Work required => Please reproduce the data exactly, excluding any pictures it contains.

Information provided =>
····················
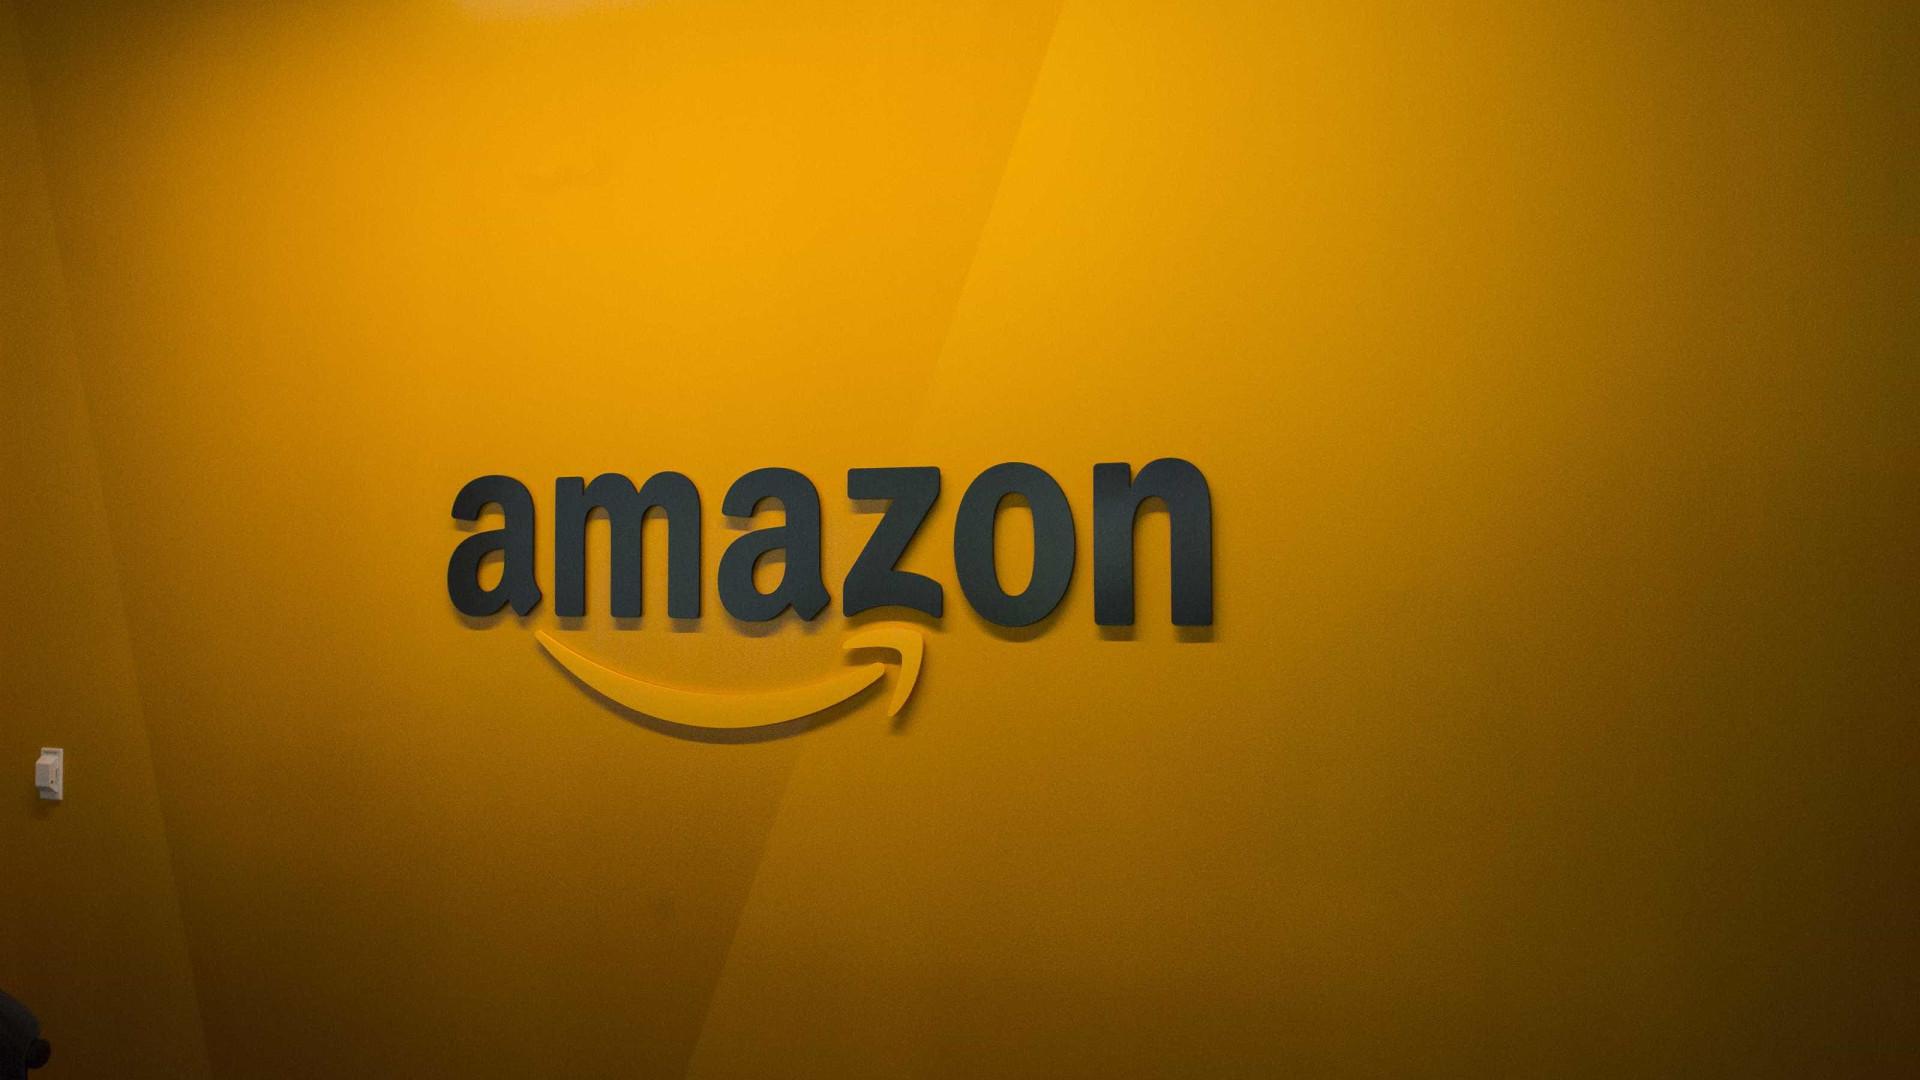 Amazon pede desculpas após negar que entregadores urinam em garrafas
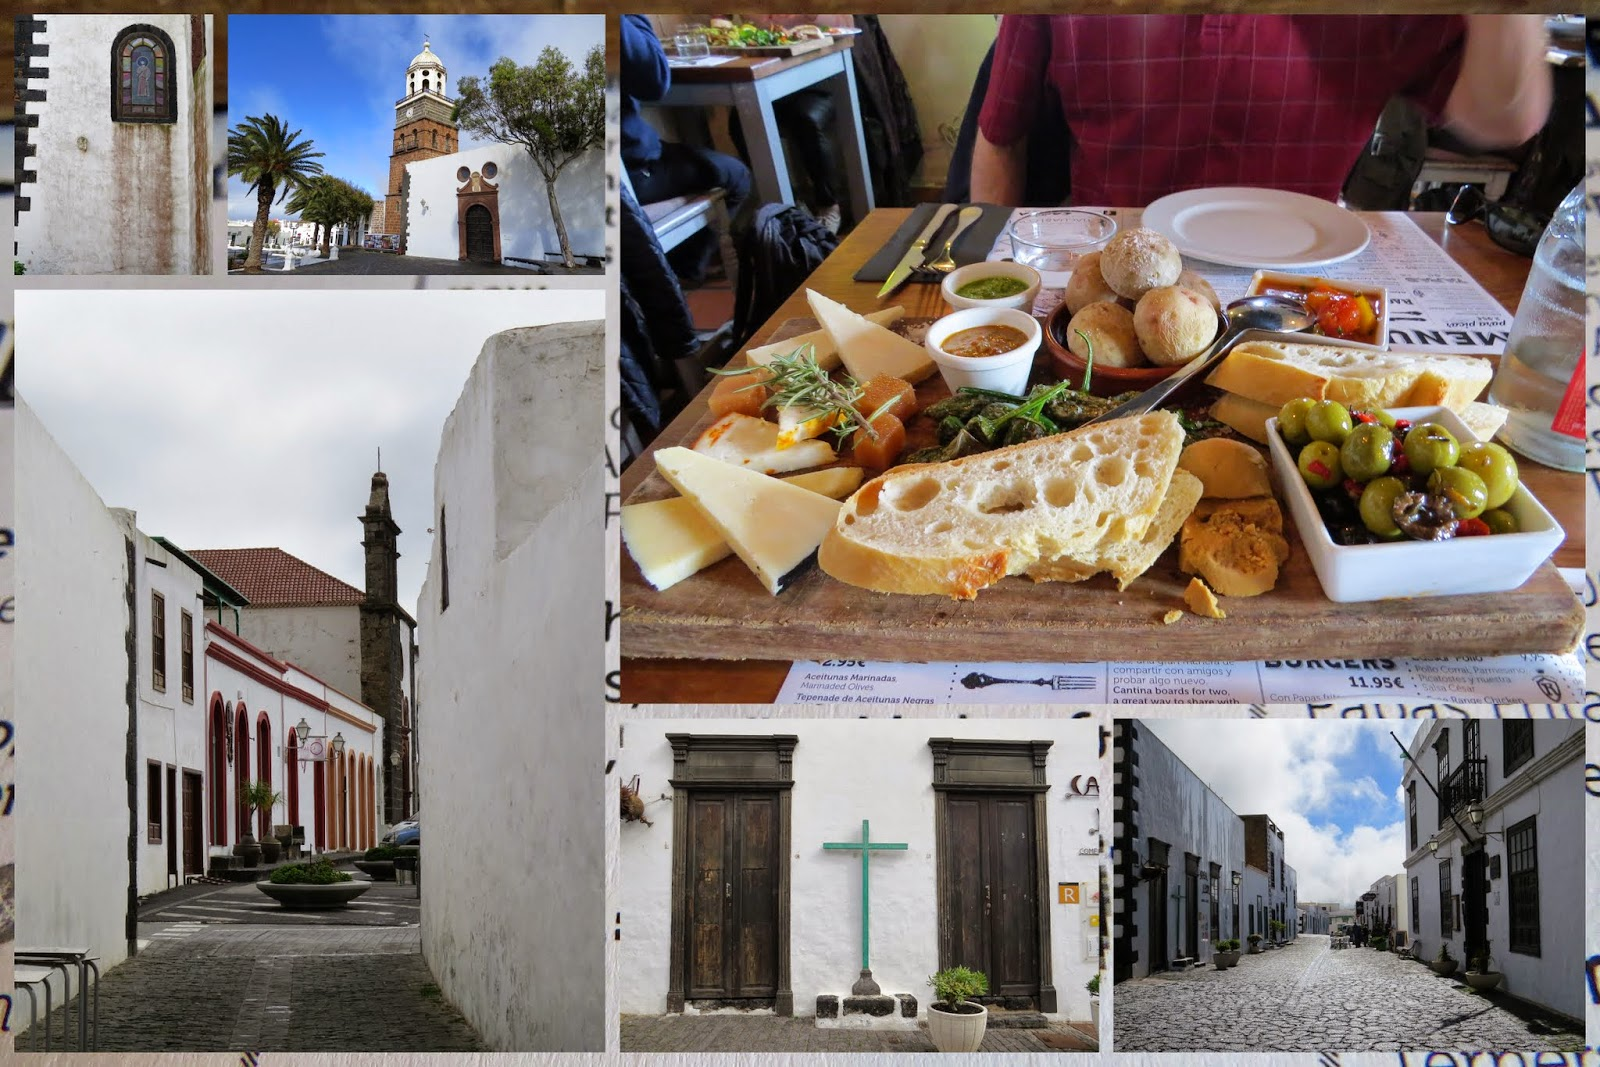 La Cantina Teguise - Lanzarote
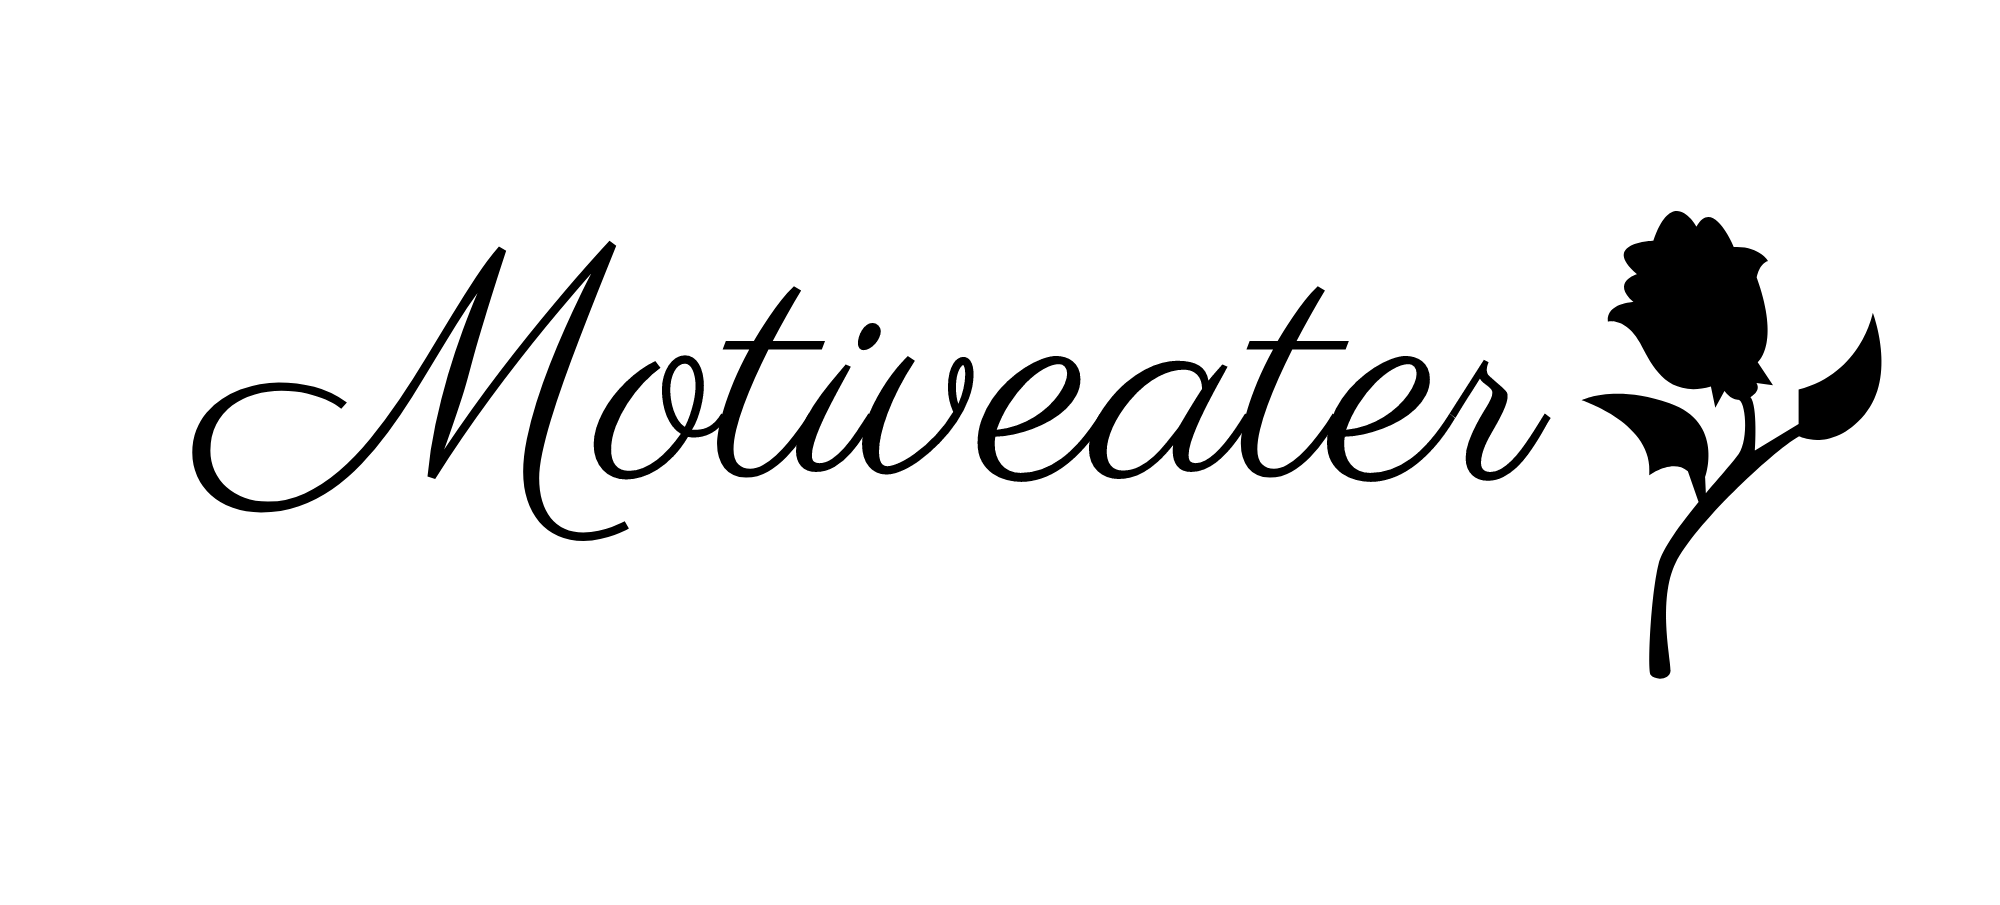 Motiveater-logo.png
····················
Output =>
 Amazon pede desculpas após negar que entregadores urinam em garrafas
 La Cantina Teguise - Lanzarote
 Motiveater-logo.png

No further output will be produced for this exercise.